How the biggest network on the internet belongs to publishers

The internet changed the rules of the publishing game, creating an ad‑funded and user data‑centred environment. Expecting things for free has become internet orthodoxy; advertisers make it possible. The same content is available from multiple sources, so it’s not worth anything. The user journey is driven by others through search and social platforms, so “optimizing” a product to meet their requirements is essential. Success, or at least slowing the pace of decline, is defined by maximizing page impressions.

Thinking like this has become axiomatic for many publishers, even while its flaws are obvious. It does not deliver sustainable revenue and it fails consumers by offering them “free” sites crowded with intrusive advertising, clickbait and fake content. It even works against advertisers, who are associated with customer fatigue and face a complex, opaque market.

Media businesses are struggling at the same time as being more popular, relevant and societally important than ever.
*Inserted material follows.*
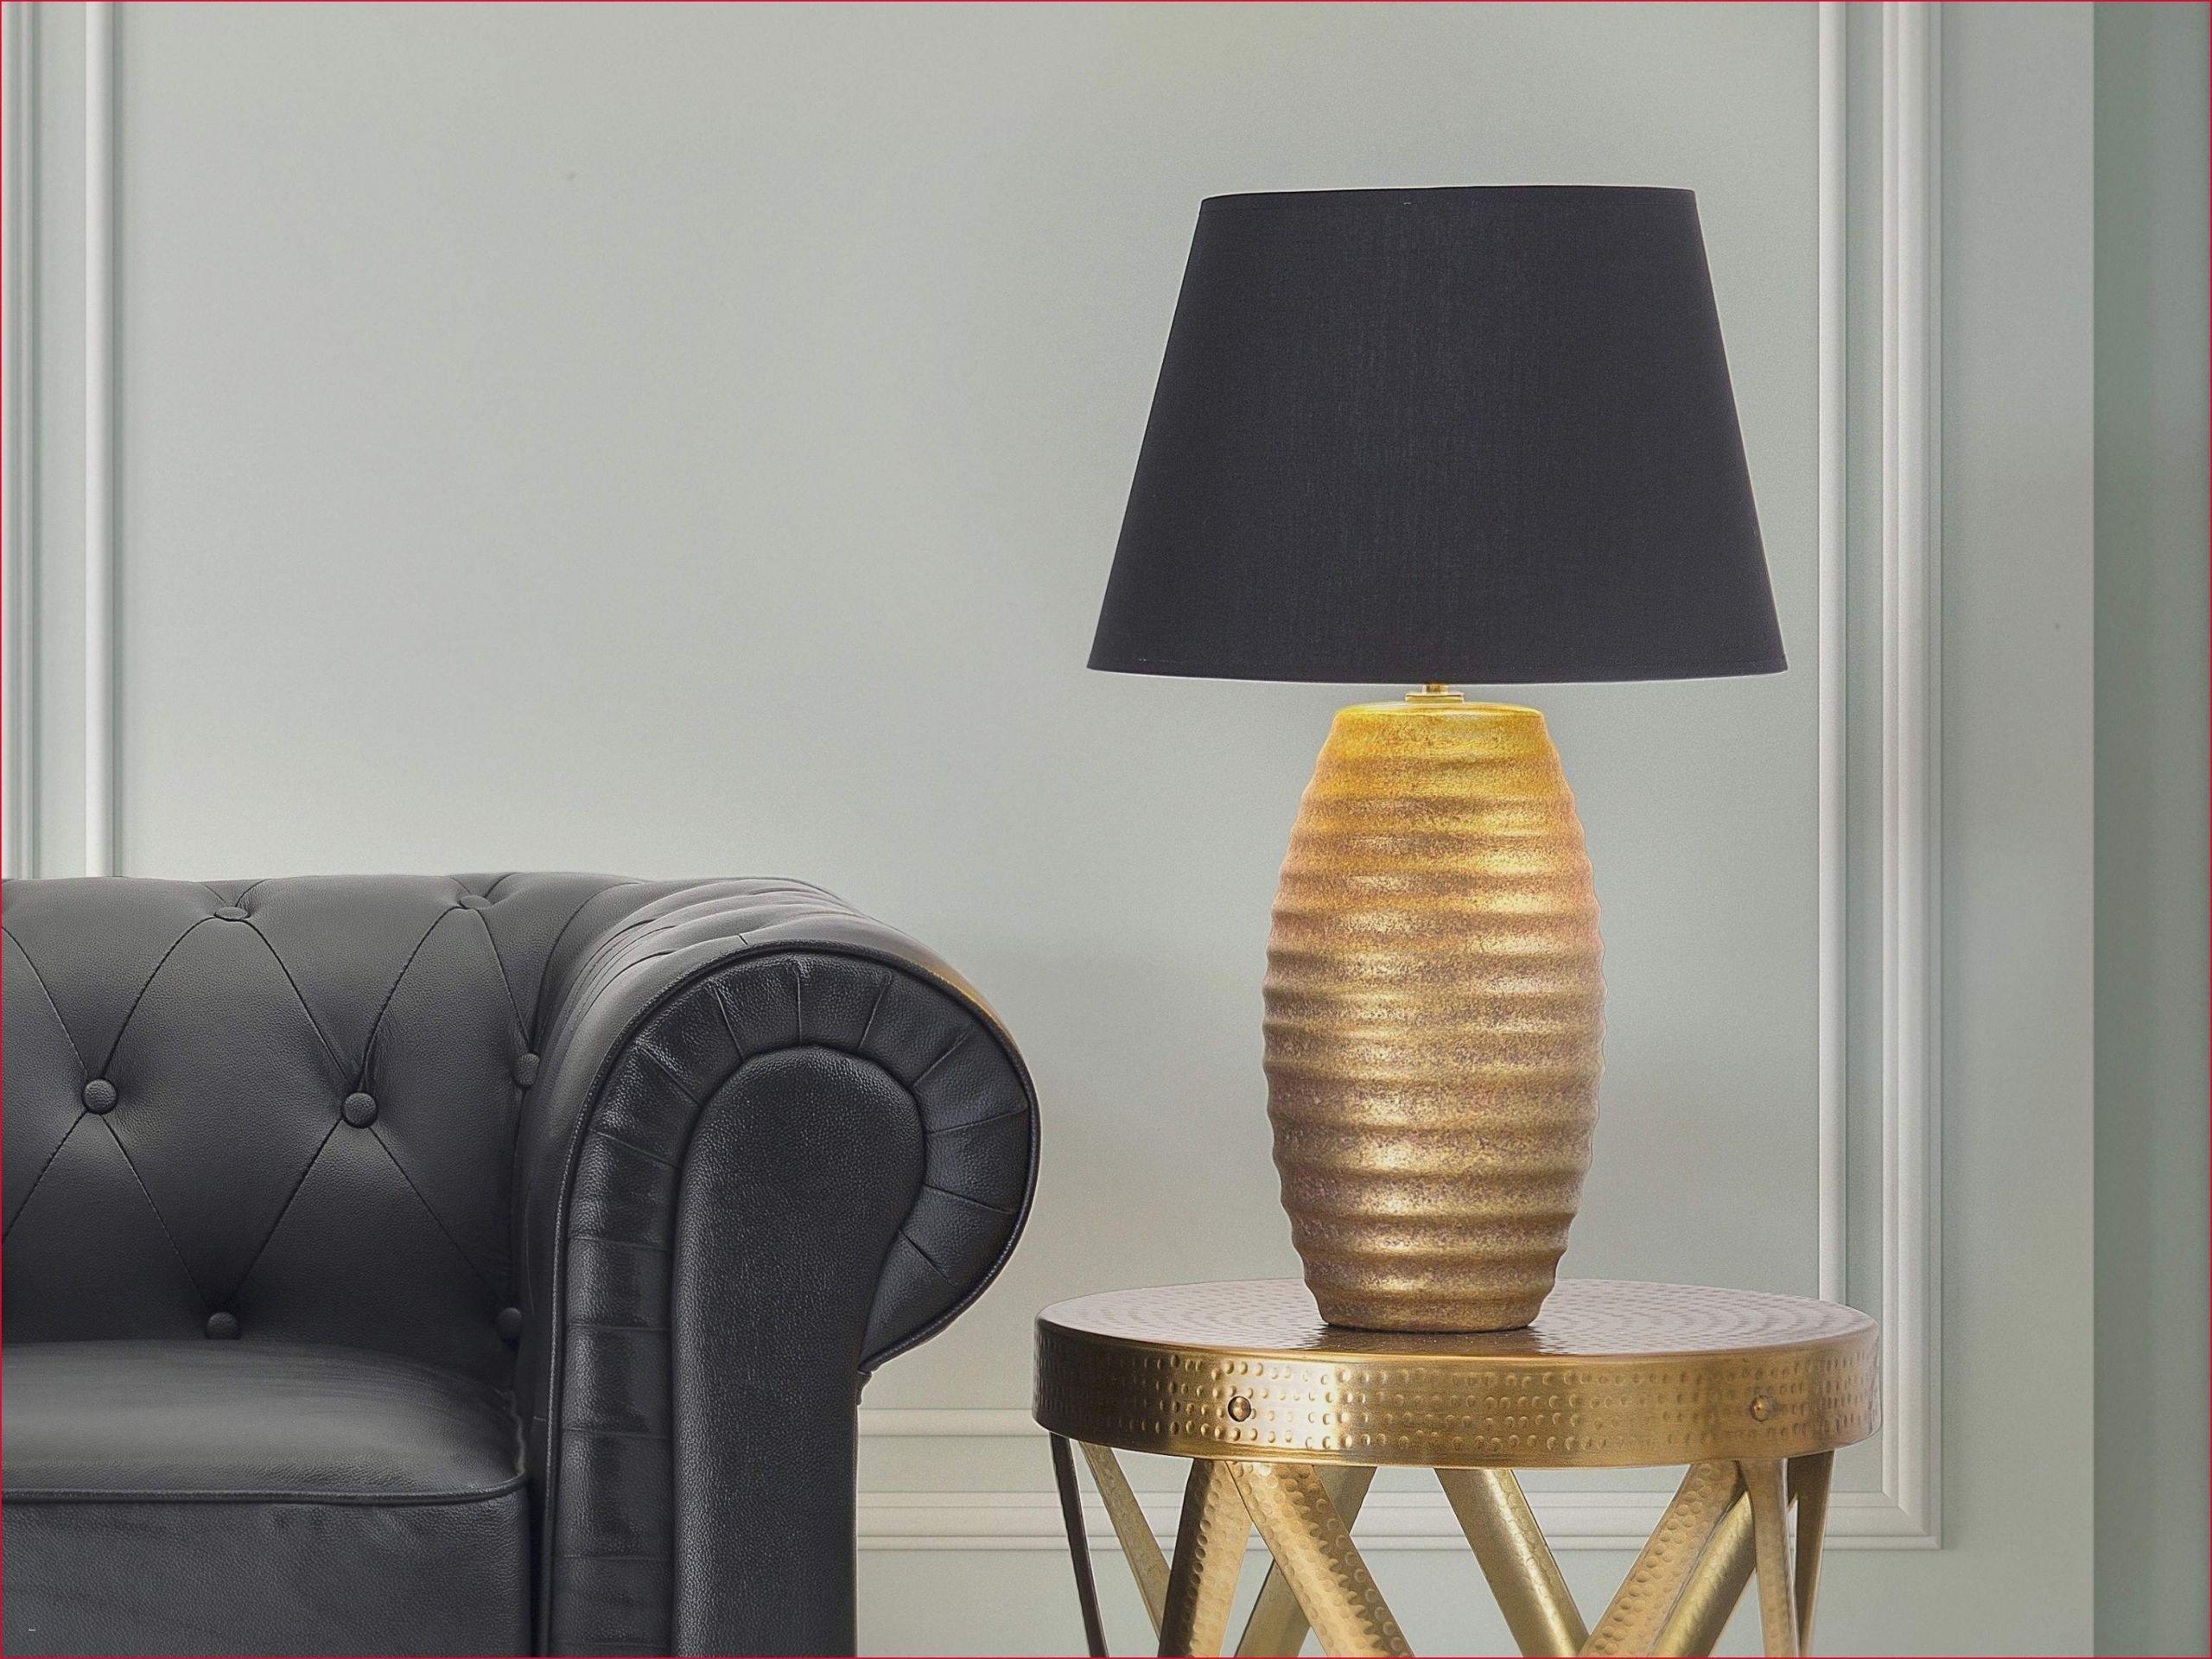 Full Size of Designer Wohnzimmer Lampen Wohnzimmer Lampen Design Wohnzimmer Lampen Messing Wohnzimmer Lampen Led Dimmbar Wohnzimmer Wohnzimmer Lampen

The great hope is subscription – but only a single‑digit percentage of audiences are prepared to pay for one. While some have been successful, for others churn rises. Perversely, the more someone is worth currently to the market, through their subscriptions, the less potential there is for that value to grow. I have watched this develop over decades and see a market ripe for disruption.
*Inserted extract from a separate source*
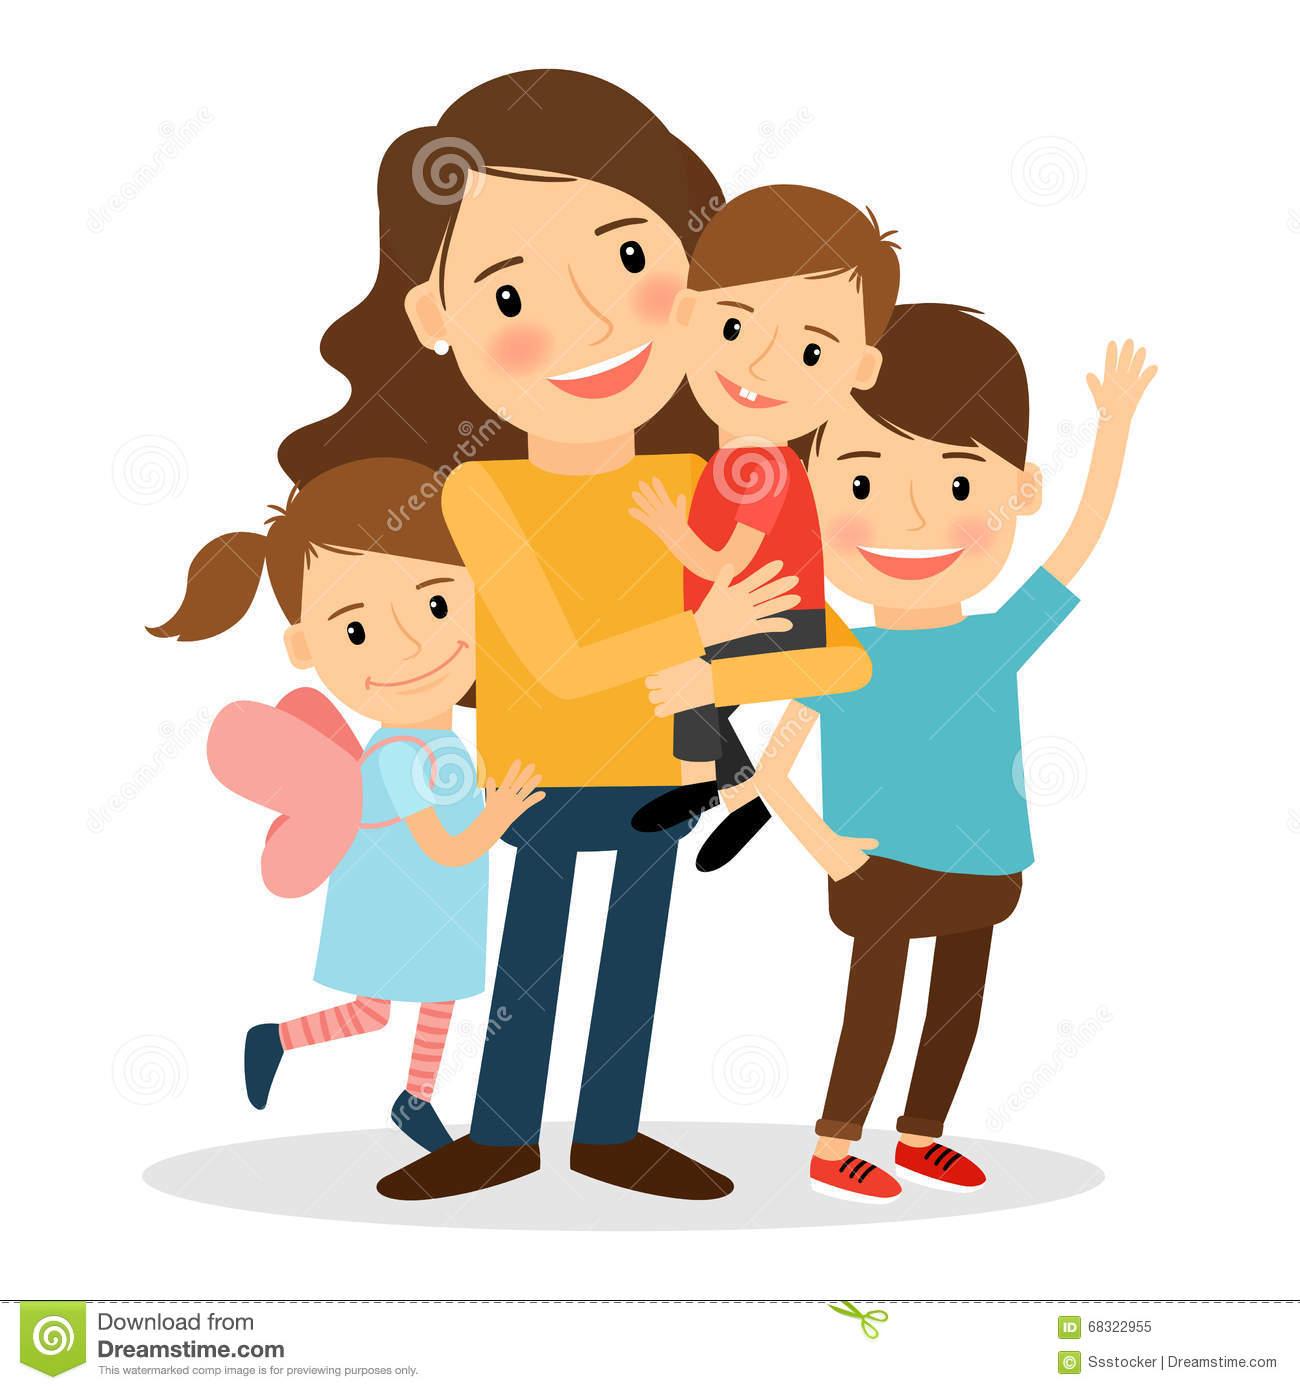 Babysitter cilpart amazing inspiration. Babysitting clipart kid clipart

I believe there is a new orthodoxy for content creators based on consumer payments. But we have to look at the problem through the eyes of the consumer. When we do, a different vision emerges. Payment needs to work in the way consumers behave in real life. Offline, consumers make casual payments all the time. So why not for digital content?

To deliver this vision – to move to a world in which payment is more common, even ubiquitous – two things need to happen. First, the price and process of paying must be frictionless enough to attract casual readers and viewers. Even one extra click is too many. Second, the product itself needs to be good enough to justify the first payment and hence bring consumers back for more.
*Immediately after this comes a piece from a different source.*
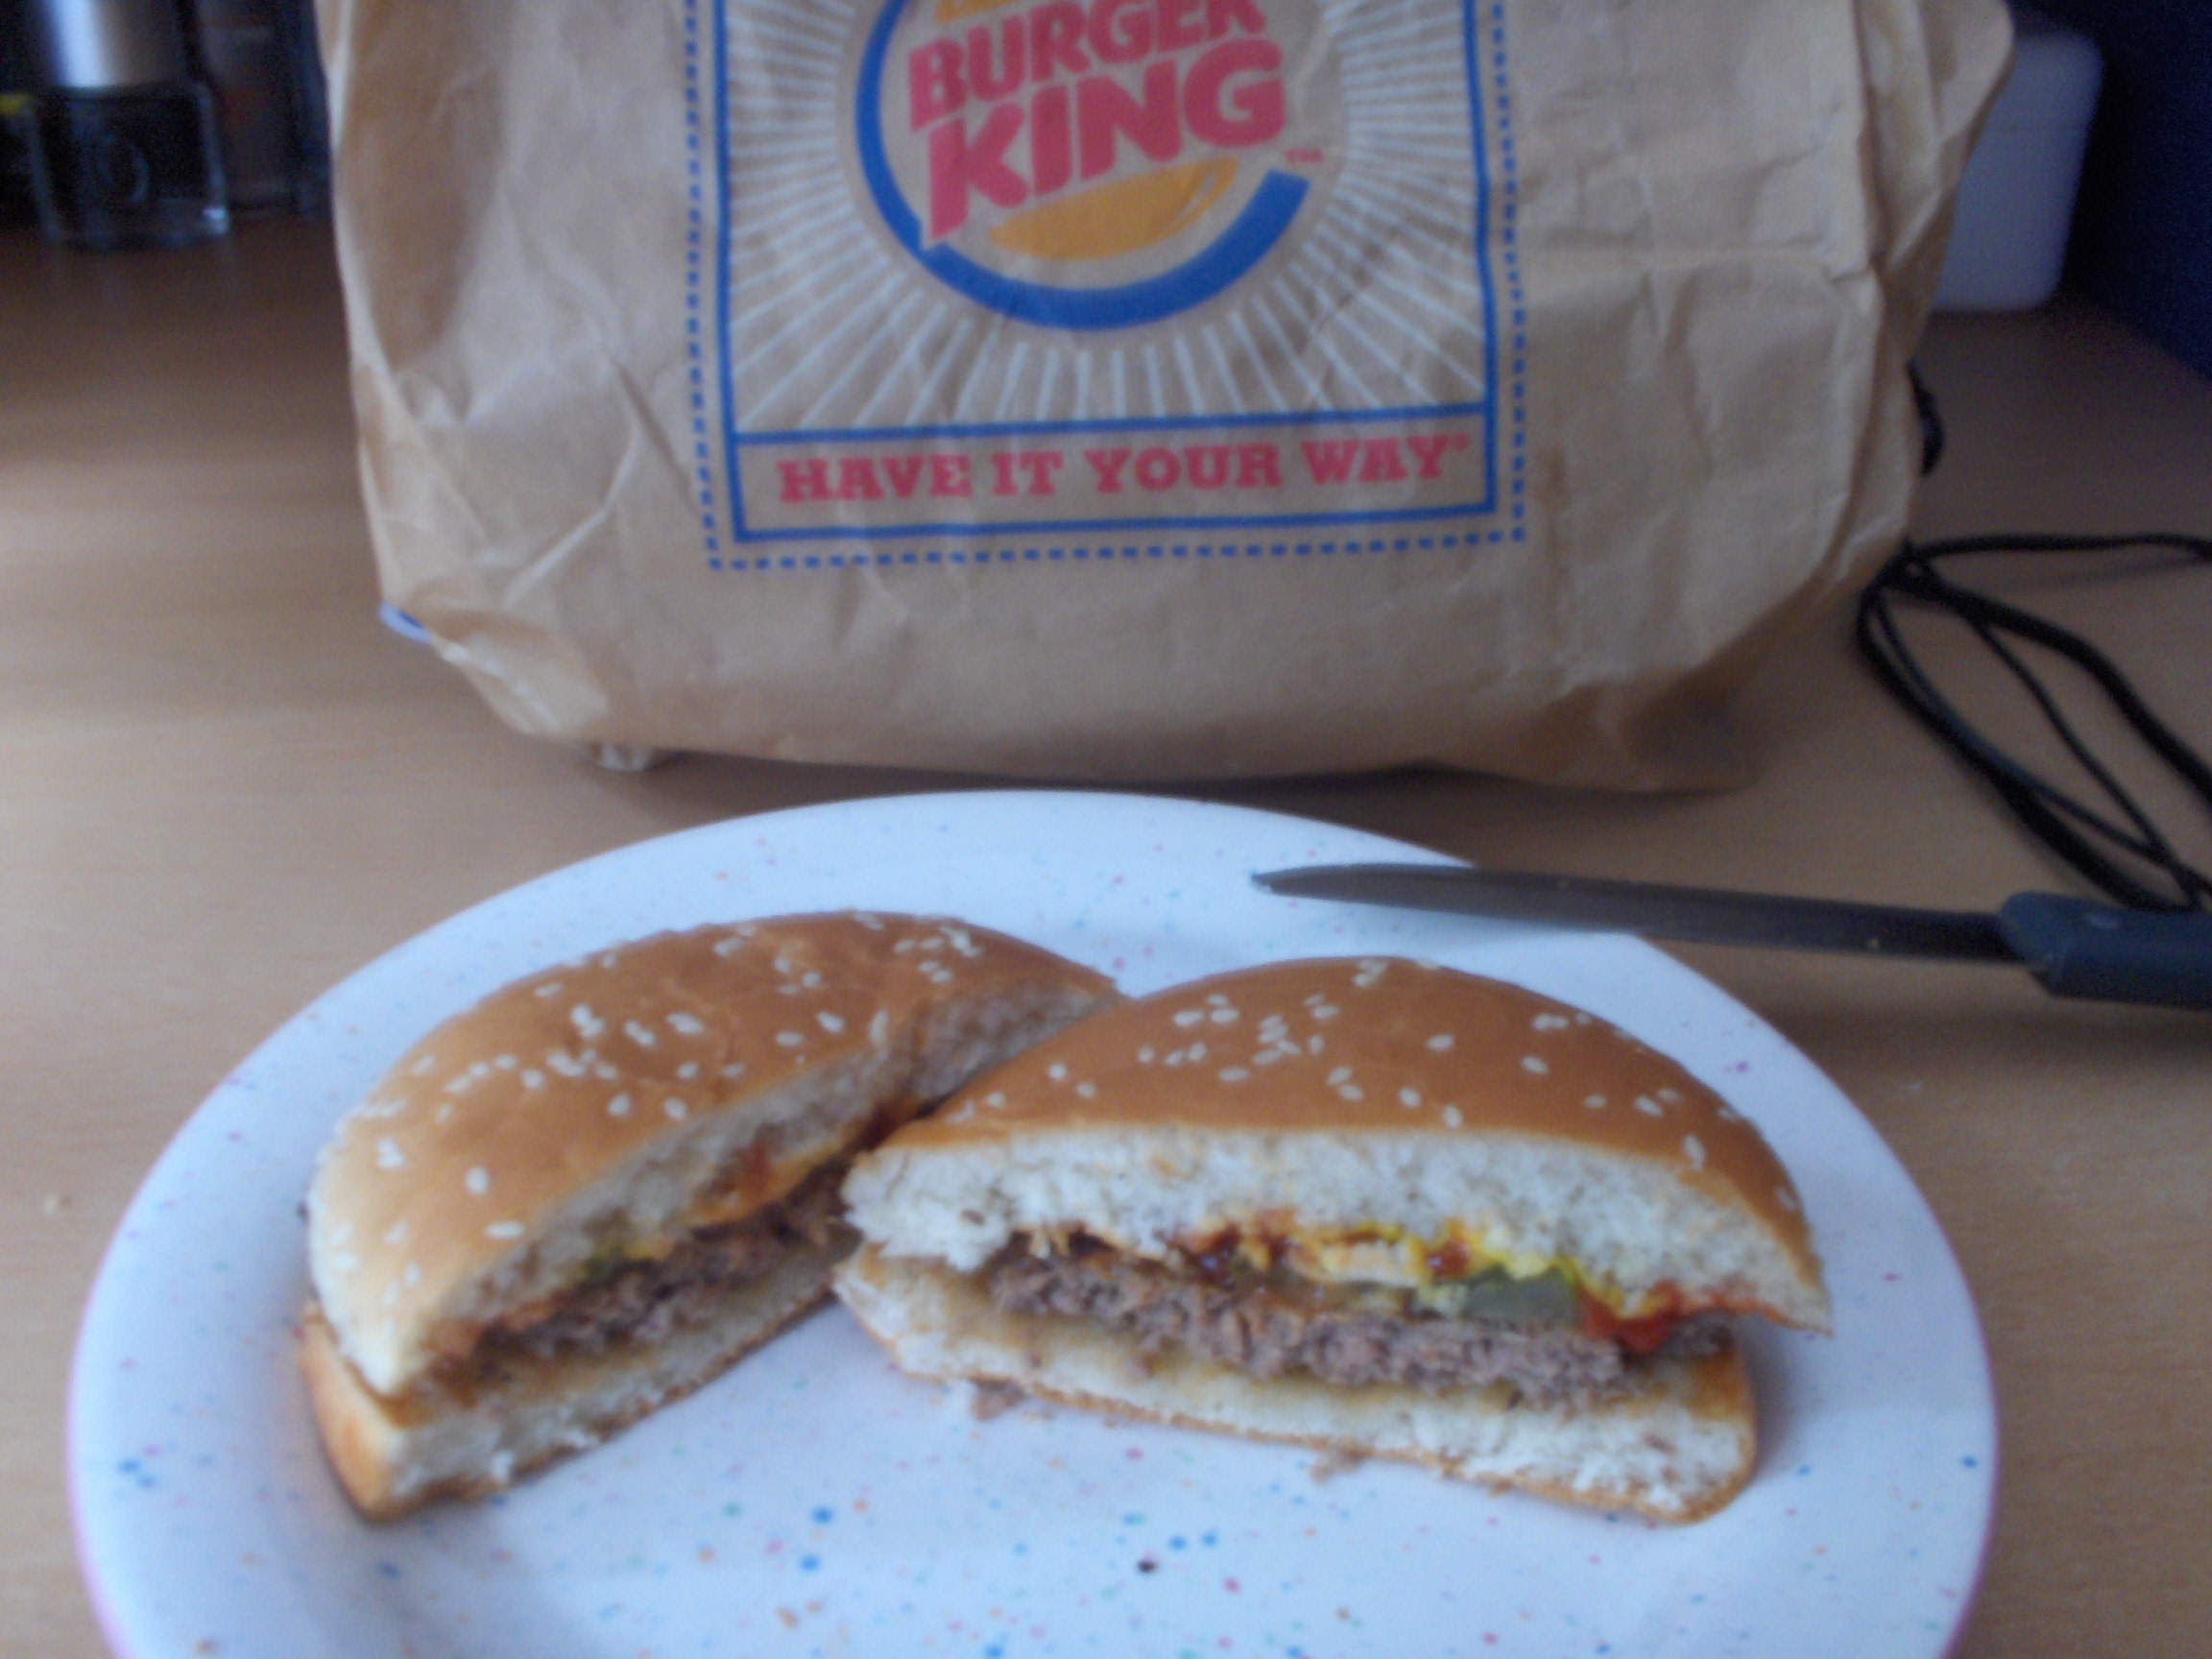 https://foodloader.net/s3Rax_2008-01-04_BurgerKing2.jpg

The first is a technical problem that we believe Axate has solved. Our system is incredibly easy to use. Once a user is signed up, every other publisher in our network is one click from monetizing that same consumer. Our model creates a link between publishers and consumers that doesn’t have an economic dependency on existing internet platforms, yet equally does not compete with them in selling advertising inventory. The second is simply good news – literally. Investment in good content, well marketed (perhaps via Google and Facebook – their core business), drives revenue.

Consumers need a system that works everywhere. No logging in, signing up or entering payment details separately for each publisher. A user who spends money with one publisher is ready to spend with any other. If they are attracted by the products, they can spend their (small, spontaneous, uncommitted) money with any of them. The more they spend, the more they’re worth to the market. They don’t have to promise in advance to spend anything at all.

It’s a startlingly simple vision: Allow publishers to set the right price for their products and make every user a potential, frictionless customer. Focus on producing and marketing the best products, with revenue directly linked to the popularity you achieve.

It creates a market driven by active user behaviour and without structural caps or blocks. Apply this thinking to the billions of interactions consumers have with media every day and you’ll be able to see how big, and how easily within reach, is the opportunity.